Schema cache¶

To be able to automatically detect sharded and omnisharded tables, PgDog fetches the Postgres schema from all shards on startup. The schema is placed into an in-memory cache and contains Postgres schema names, tables and their columns, including data types.

How it works¶

The schema cache allows PgDog to detect the column order in certain queries and extract sharding keys automatically.
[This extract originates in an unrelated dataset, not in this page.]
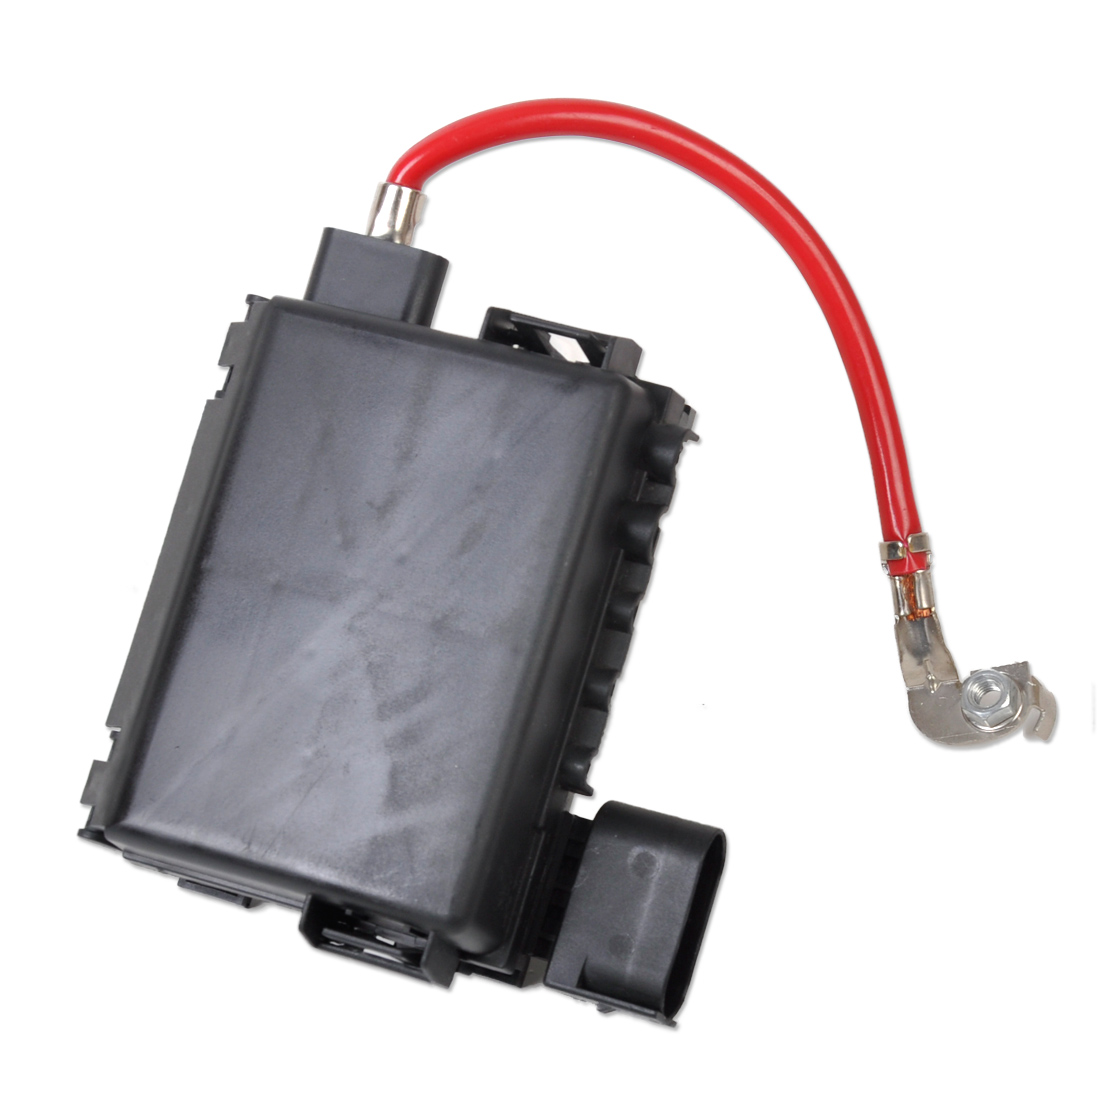 dwcx 1j0937550a black fuse box battery terminal for volkswagen vw beetle golf jetta [ 1110 x 1110 Pixel ]
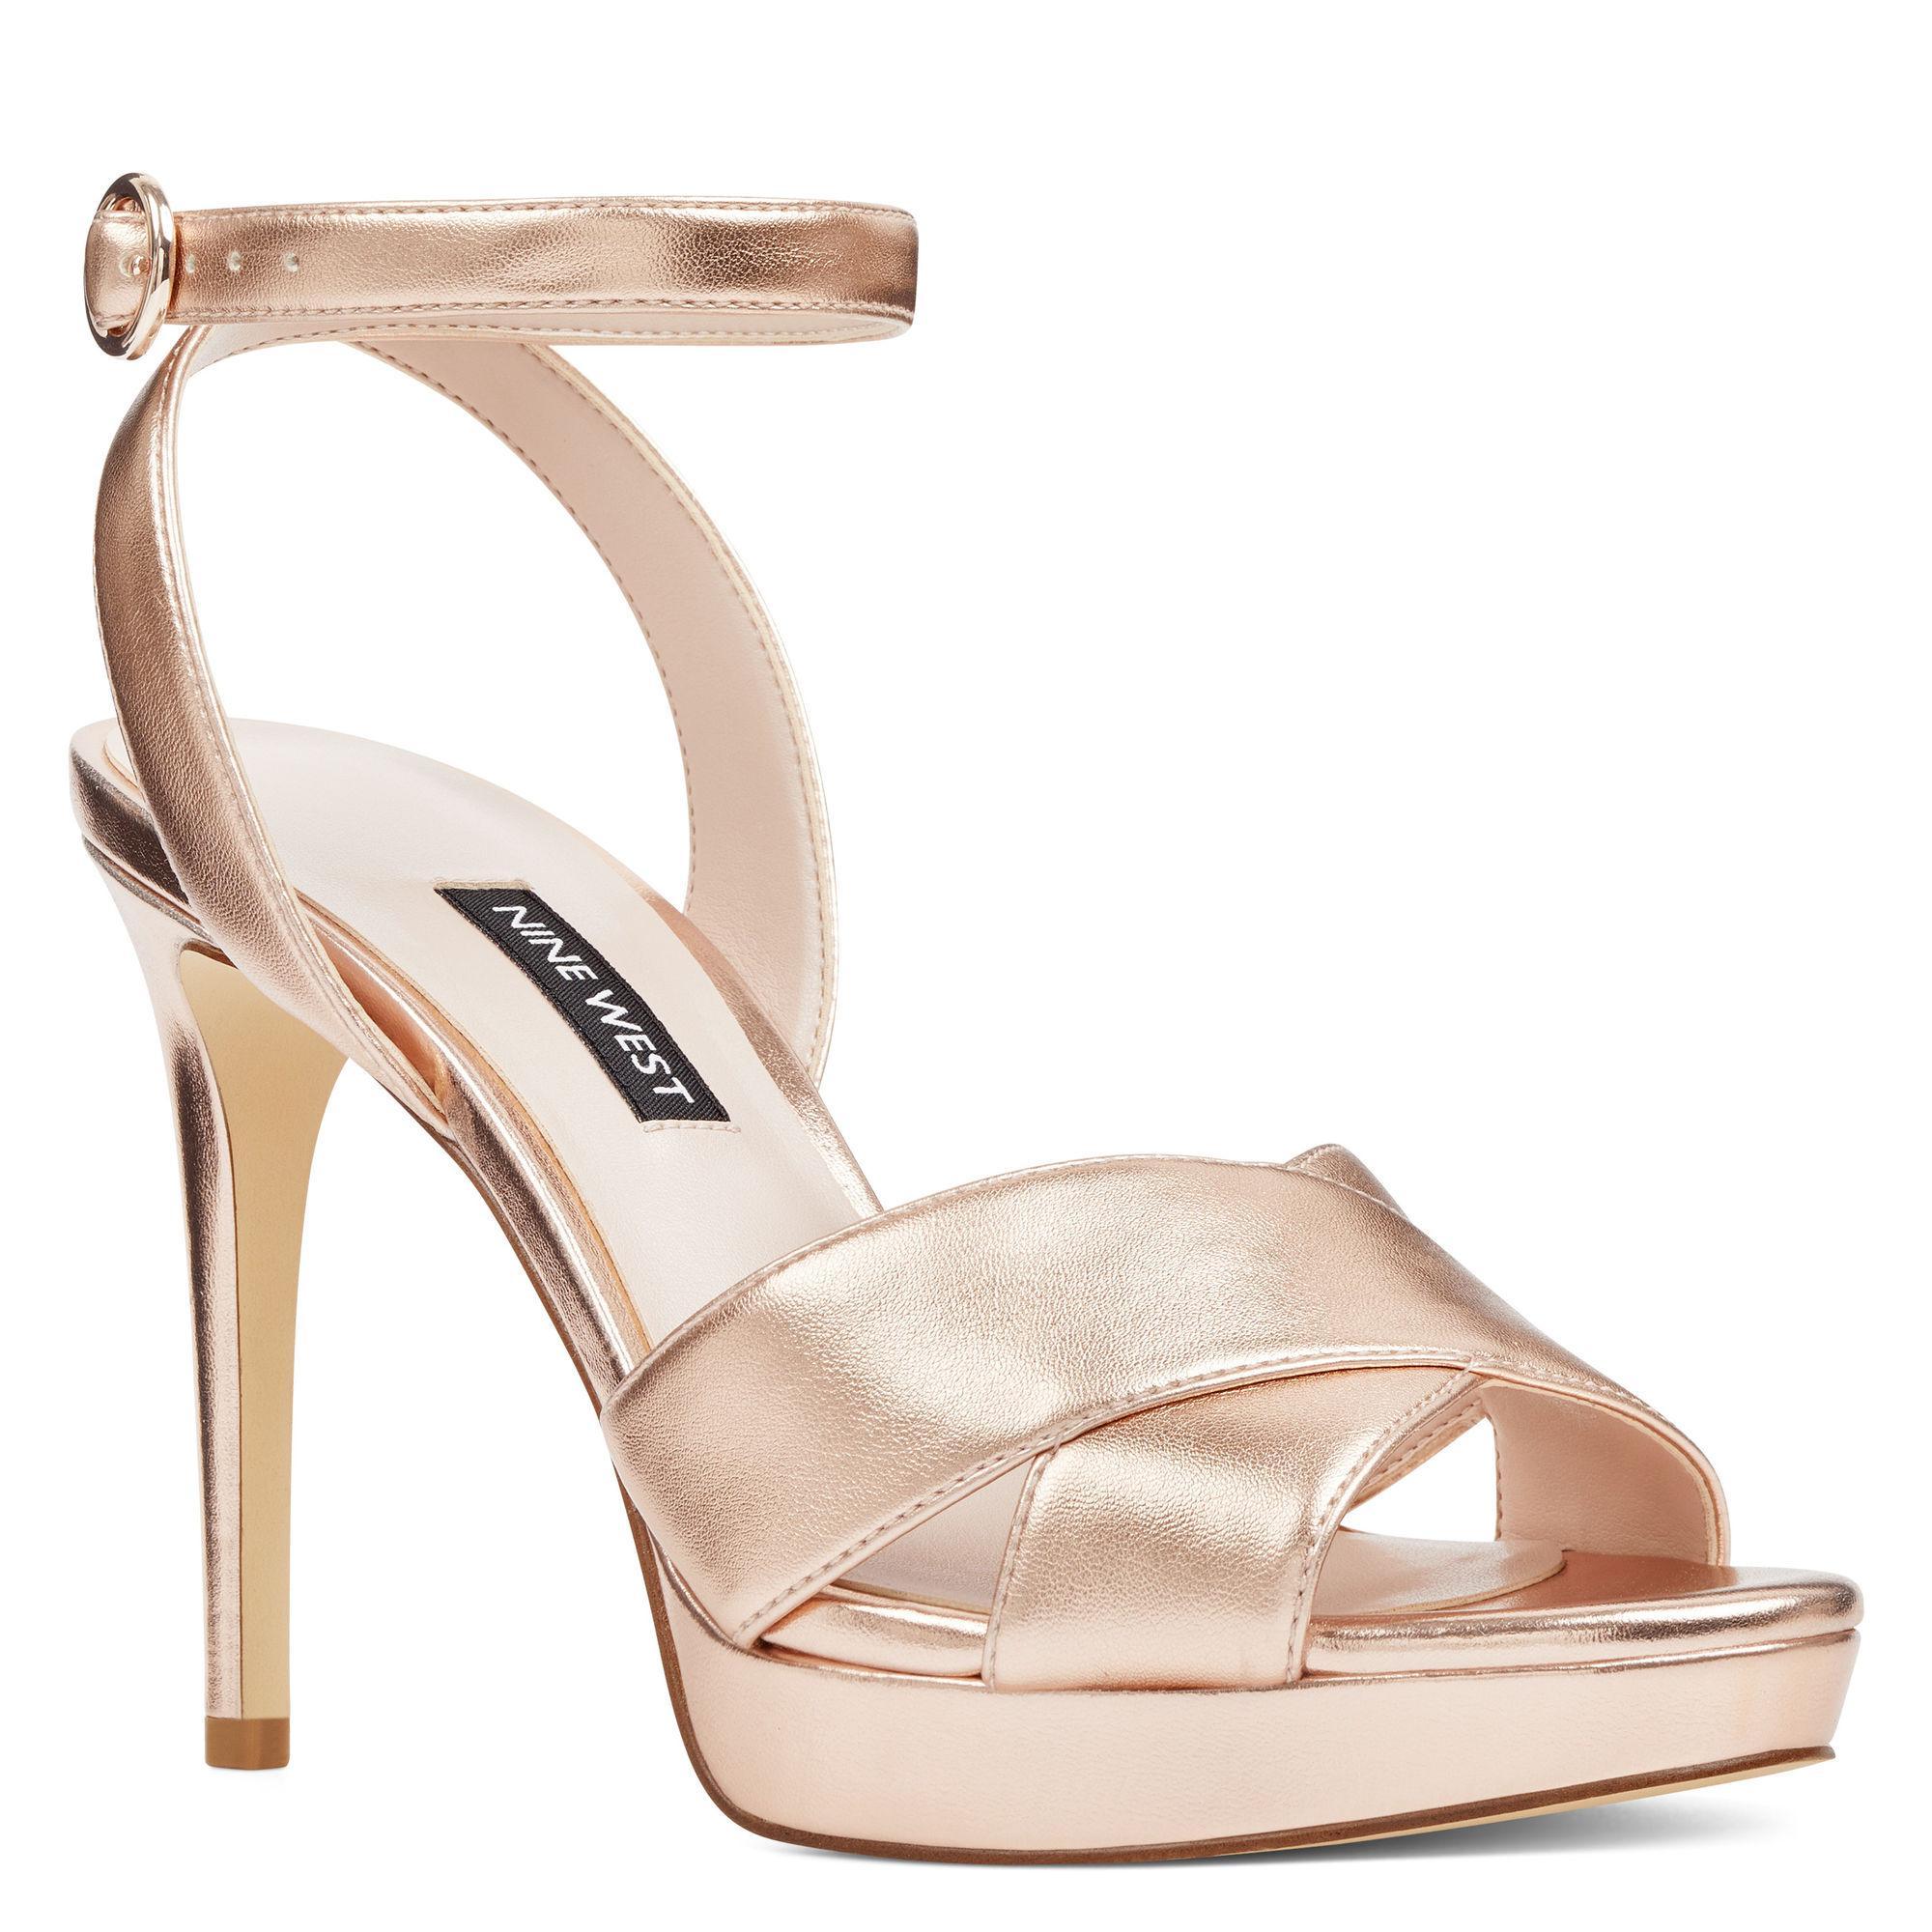 a31fbab1b498 Lyst - Nine West Quisha Ankle Strap Sandals

For example, consider the following table and query:

CREATE TABLE users (
    id BIGINT PRIMARY KEY,
    email VARCHAR NOT NULL UNIQUE
);

When an INSERT query without explicit column names is executed, PgDog will be able to extract the sharding key using the schema cache:

INSERT INTO users VALUES ($1, $2);
-- $1 is id
-- $2 is email

Omnisharded check¶

In addition to detecting sharding keys, PgDog uses the schema cache to determine if a table is sharded or omnisharded. If a sharded table is configured using a column name only in pgdog.toml, inspecting its schema is the only way to find if it has the sharding key, for example:

[[sharded_tables]]
database = "prod"
column = "user_id"

When a query comes in that doesn't specify this column, PgDog needs to decide if the table is sharded or omnisharded:

SELECT * FROM users WHERE created_at > NOW() - INTERVAL '1 hour';

PgDog will inspect its in-memory schema cache for the users table (taking into consideration the search_path setting), and if the table contains the user_id column, treat it as a cross-shard SELECT. Otherwise, it'll assume the table is omnisharded and send the query to one of the shards only.

Migrations¶

If you change your database schema, e.g. add a new table or alter an existing one, make sure to reload the schema cache, so PgDog is able to route queries correctly. To reload the schema cache, just run the RELOAD command via the admin database:

RELOAD;

The cache is reloaded every time PgDog re-creates its connection pools, so executing the RECONNECT command or restarting PgDog will have the same effect.